By remaining party leader with apparent signs of fatigue and ailment, Tsvangirai sees it would be difficult to justify why he still remained party president, something which could cost the party yet another election.
The MDC-T leader still recalls how the party split in 2014 after his lieutenants accused him of clinging to power when he had shown barren leadership.
Likewise, appointing assistants was a way of hoodwinking his critics he was proactive in terms of ensuring leadership renewal in his party.
Another school of thought says by appointing two powerful politicians as he deputies, Tsvangirai could be playing the two party factions against each other as a self-preservation tactic.
By his own admission, Tsvangirai said Friday he decided to go against the MDC-T national council decision to appoint one VP as opposed to two.
He said this was an attempt to avoid “horse-trading” to the detriment of the party as it prepares for 2018.
“By putting them in those positions, Tsvangirai has set them up against each other,” said Harare-based political analyst, Kudzai Kwangwari.
“He will achieve the exact opposite of what he is aiming for. They are now smelling blood and will now go for broke. The stakes are now raised; these guys see they are now very close to power and will try by all means to get to the finishing line.”
The tactic of playing powerful party factions against each other has been perfected by President Mugabe over the years, observers say.
Similarly, Tsvangirai finds this a handy tool to redirect attention away from himself while he takes time to recover in time to catch up with the race for state house.
It is also thought elsewhere that none of the three deputies could take over party leadership after all, just like in Zanu PF where Mugabe has interchangeably elevated Vice Presidents Emmerson Mngangagwa and (former) Joice Mujuru who later discovered state house was very distant at the end.

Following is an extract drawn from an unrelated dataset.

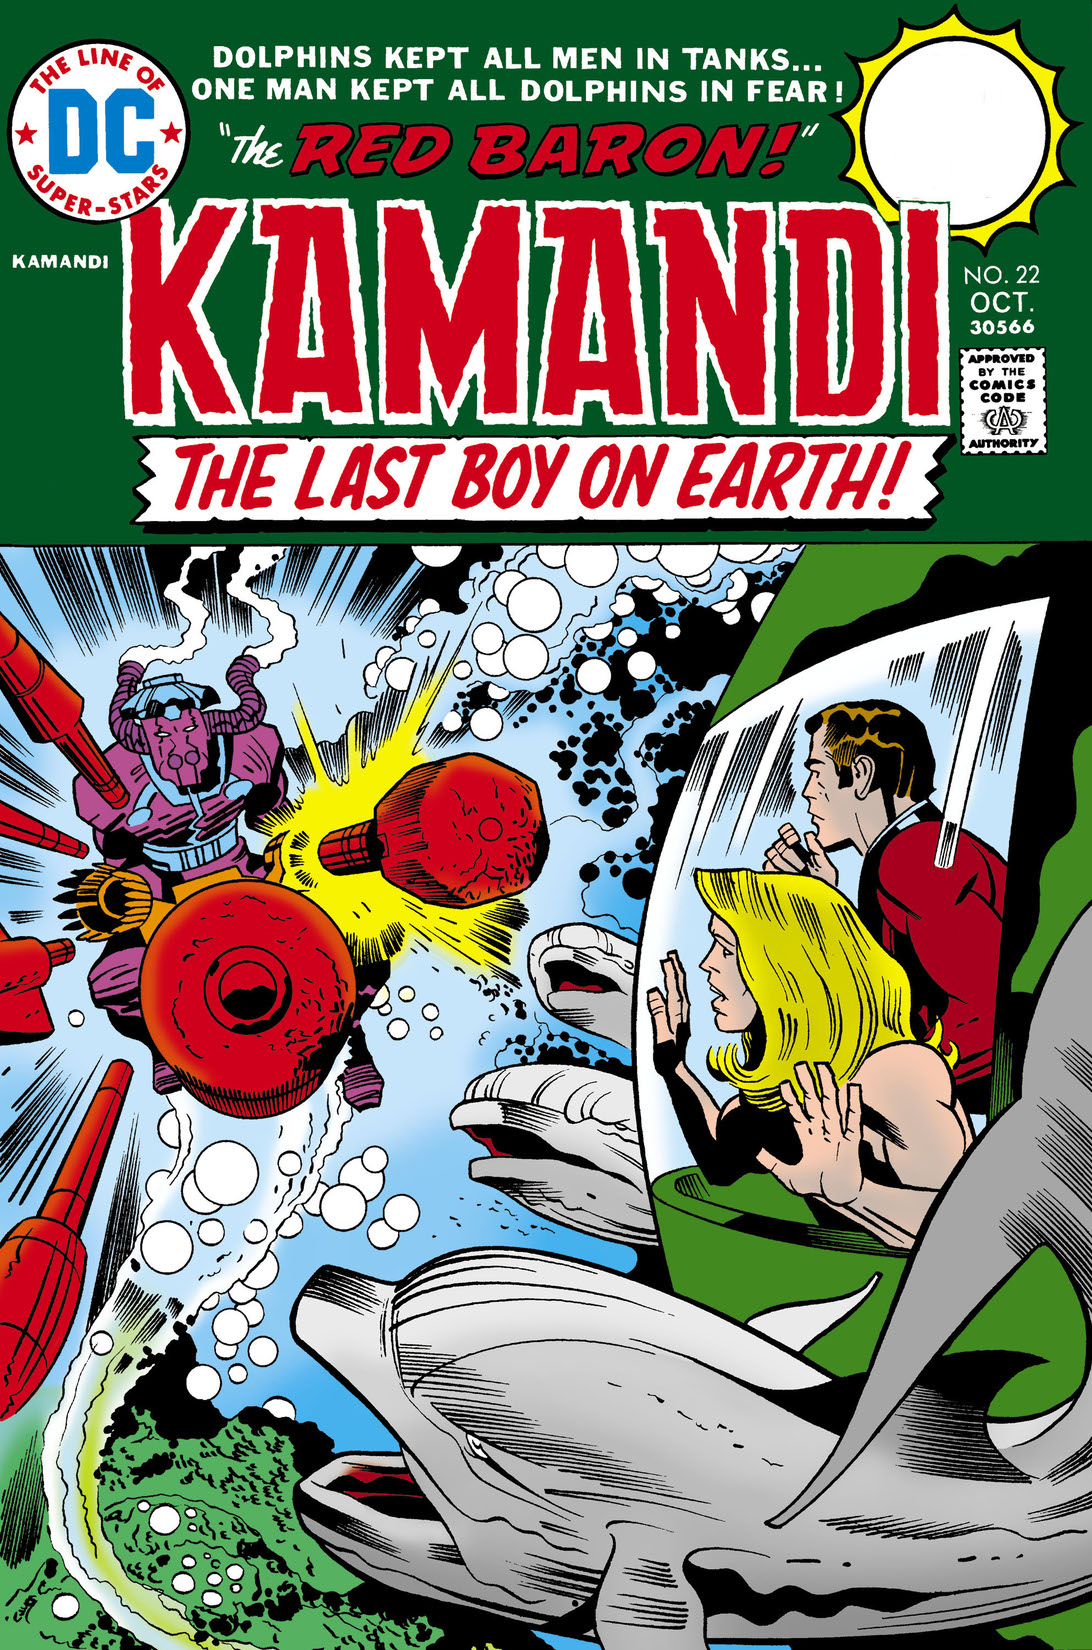 Kamandi: The Last Boy on Earth #22 preview images

By bloating his presidium to four, some say, Tsvangirai had turned another Robert Mugabe who has overloaded his inner circle to try to appease potential challengers to his job while putting them close enough to monitor their actions.
Media and development expert Tawanda Majoni sees double standards in Tsvangirai’s controversial decision.

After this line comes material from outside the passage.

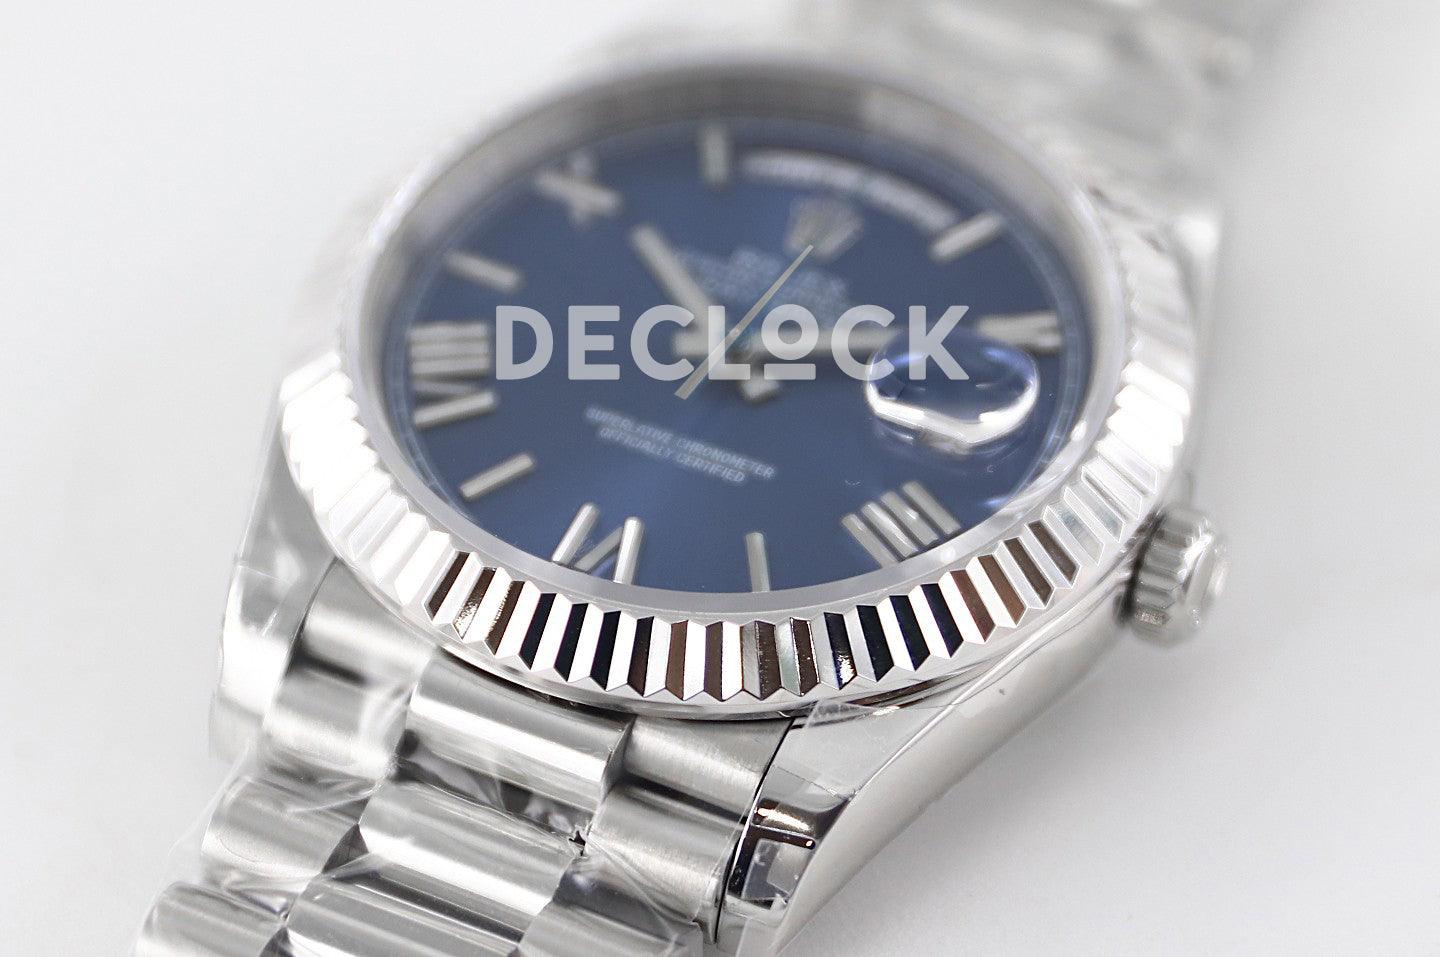 Replica Rolex Day-Date 40 228235 Blue Dial in Yellow Gold with Roman Markers - Replica Watches

“It’s confusing that Tsvangirai and his party have suddenly discovered the need for a bigger presidium,” he said.
“This contradicts the party position on bloated structures. It seems Tsvangirai wants to quash factional rebellion by appeasing the two who he has clashed with before. This would be critical to him given his health problems.
“The decision is also dangerous because he is not in good books with Khuphe. That means he is now surrounded by antagonistic vice presidency.”
Majoni says Tsvangirai has become a perfect Mugabe copycat after the 92 year old leader railroaded his party in 2014 to allow him to handpick his deputies while discarding the old system of elected VPs.
Masvingo based academic, Dr Takavafira Zhou feels the MDC-T leader could be right in trying to stabilise his party to avoid the often turbulent period preceding major polls.
“If the intention is to energise and unite the party and improve its efficiency and effectiveness, it is commendable but by no means should this imply a scenario applicable to MDC-T government as it is cumbersome and unnecessary liability,” he said.
“It is also our hope the appointments are a product of wide consultation so that they do not generate divisions they purportedly want to resolve along personality differences, gender and ethnicity.”
Others, however, feel that Tsvangirai, who has previously said Mugabe was once his hero and that he could have “killed” for him, resumed his admiration for the veteran ruler during the Government of National Unity. Mugabe has revealed that he, together with Tsvangirai, then Prime Minister and Arthur Mutambara, his deputy, used to drink tea at his offices during the GNU.